One might put this by saying that my soul is not I. And Aquinas
says exactly this in his Commentary of St Paul’s first letter to the
Corinthians.54 In that case, however, what happens to me when I die?
Aquinas maintains that people are essentially corporeal. This means
that I am essentially corporeal. For I am a human being. So am I to
conclude from what Aquinas holds that I cease to exist at death? Can
I look forward to nothing in the way of an afterlife?
Aquinas has a number of answers to these questions. Since he thinks
of people as essentially corporeal, he agrees that there is a sense in
which they cease to exist at death. But, since he believes that God can
raise the dead to bodily life, he denies that the fact that I die entails
that I cease to exist. On the other hand, he does not believe that most
of those who have died have been raised to bodily life. He is certain
that Christ has been raised to bodily life. But he would deny that the
same can be truly asserted of, for example, Julius Caesar. He would
therefore say that the soul of Caesar survives, though Caesar himself
does not.
Given what we have now seen of Aquinas’s teaching, it should be
evident why he would deny that now, when he has not been raised to
bodily life, Caesar survives his death. But why should Aquinas think
that Caesar’s soul would survive his death? Does he subscribe to the
view that the human soul is immortal? Does he maintain that, though
Caesar might die, his soul must survive the death of his body?

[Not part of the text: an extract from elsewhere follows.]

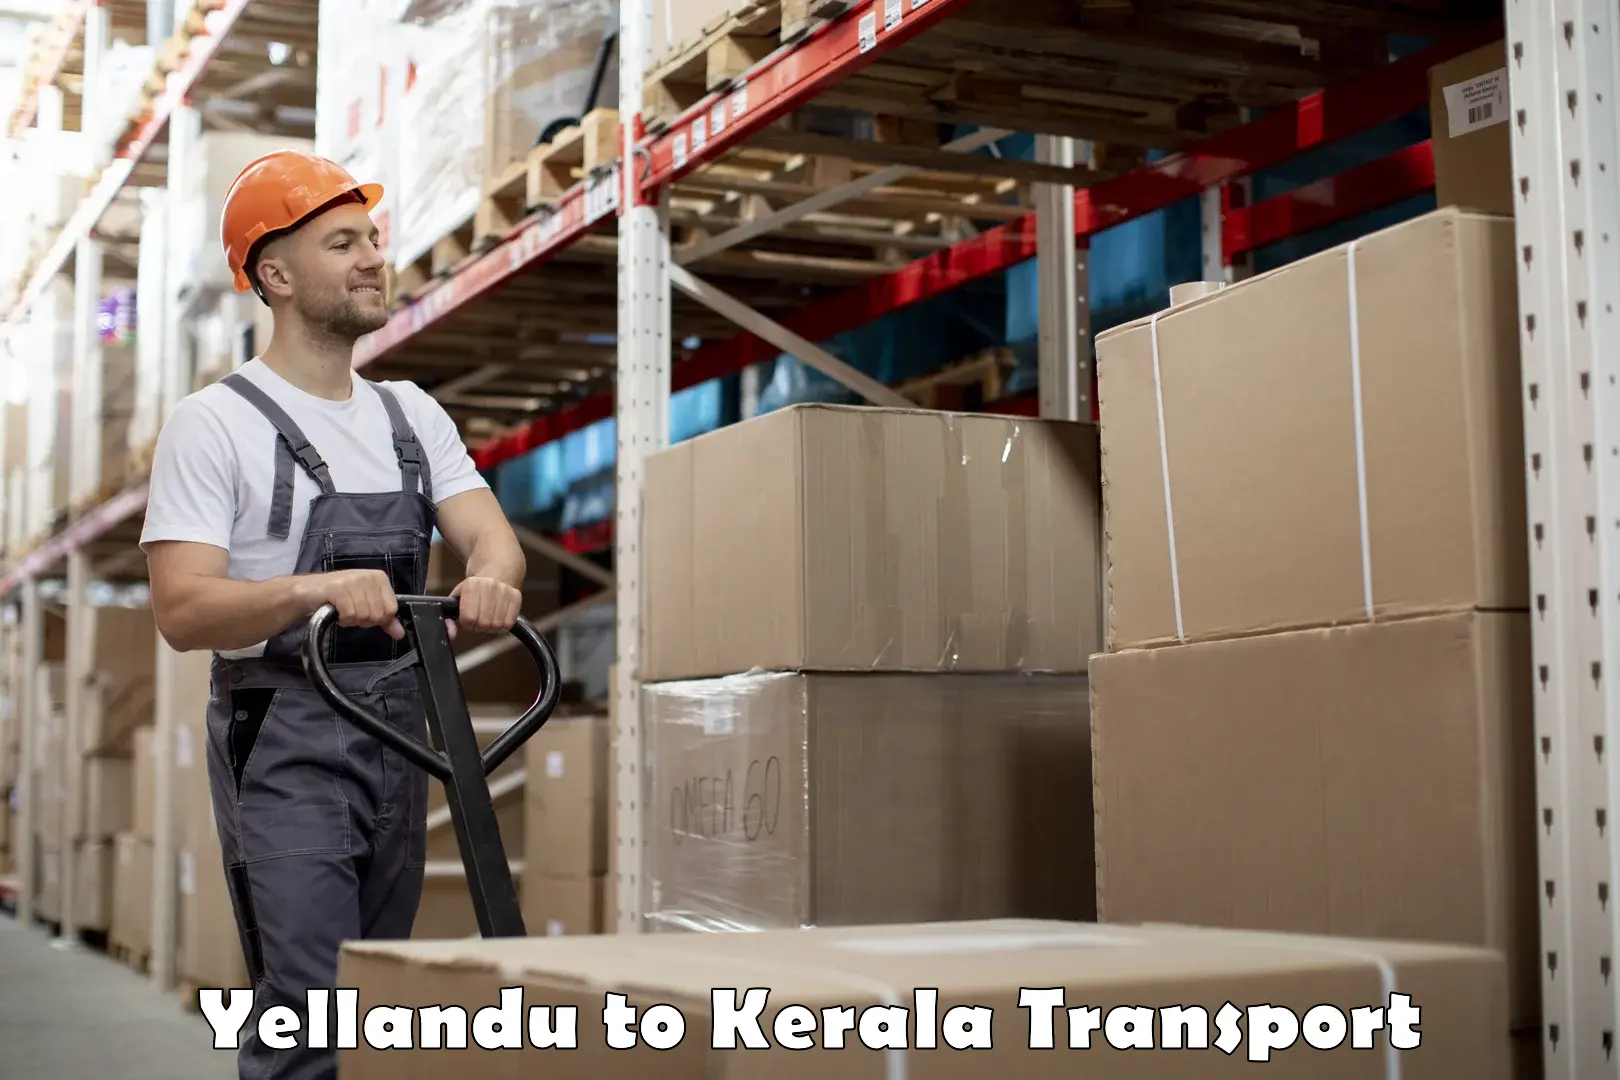 Nearby transport service Yellandu to Sreekandapuram

The answer to the last two questions is ‘Yes’. Aquinas does believe
that human souls are immortal. He also believes that they must survive
the death of human beings. That by virtue of which I understand and
think, he reasons, is not the sort of thing which can die as bodies can
die.55 He is well aware that people die and that their bodies perish. As
we have seen, however, people, for Aquinas, are rational, understanding
animals who are what they are by virtue of what is not material. He
therefore concludes that there must be something about them capable
of surviving the destruction of what is material. He does not think we
can prove that the soul of Caesar must survive his death. In Aquinas’s
view, whether or not Caesar’s soul survives the death of Caesar depends
on whether God wills to keep it in being. And Aquinas does not think
that we are in any position to prove that God must do that. For him,
therefore, there is no ‘proof of the immortality of the soul’. He holds
that Caesar’s soul could cease to exist at any time. But he also thinks
that it is not the sort of thing of which it makes sense to say that it can
perish as bodies can perish.
On the other hand, however, he does not think of it as the sort of
thing which can survive as a human animal can survive. So the survival
of Caesar’s soul is not the survival of the human being we call ‘Julius
Caesar’. People, for Aquinas, are very much part of the physical world.
Take that world away and what you are left with is not a human person.
You are not, for example, left with something able to know by means
of sense experience.56 Nor are you left with something able to undergo
the feelings or sensations that go with being bodily. On Aquinas’s
account, therefore, a human soul can only be said to survive its body
as something purely intellectual, as the locus of thought and will.
Understanding through imagery is the proper operation of
the soul so far as it has the body united to it. Once separated
from the body it will have another mode of understanding,
like that of other disembodied natures… It is said, people are
constituted of two substantial elements, the soul with its
reasoning power, the flesh with its senses. Therefore when
the flesh dies the sense powers do not remain… Certain
powers, namely understanding and will, are related to the
soul taken on its own as their subject of inhesion, and
powers of this kind have to remain in the soul after the death
of the body. But some powers have the body-soul compound
for subject; this is the case with all the powers of sensation
and nutrition. Now when the subject goes the accident
cannot stay. Hence when the compound corrupts such
powers do not remain in actual existence. They survive in the
soul in a virtual state only, as in their source or root. And so
it is wrong to say, as some do, that these powers remain in
the soul after the dissolution of the body. And it is much
more wrong to say that the acts of these powers continue in
the disembodied soul, because such powers have no activity
except through a bodily organ.
(Summa theologiae, Ia, 75, 6 ad. 3 and Ia, 77, 8)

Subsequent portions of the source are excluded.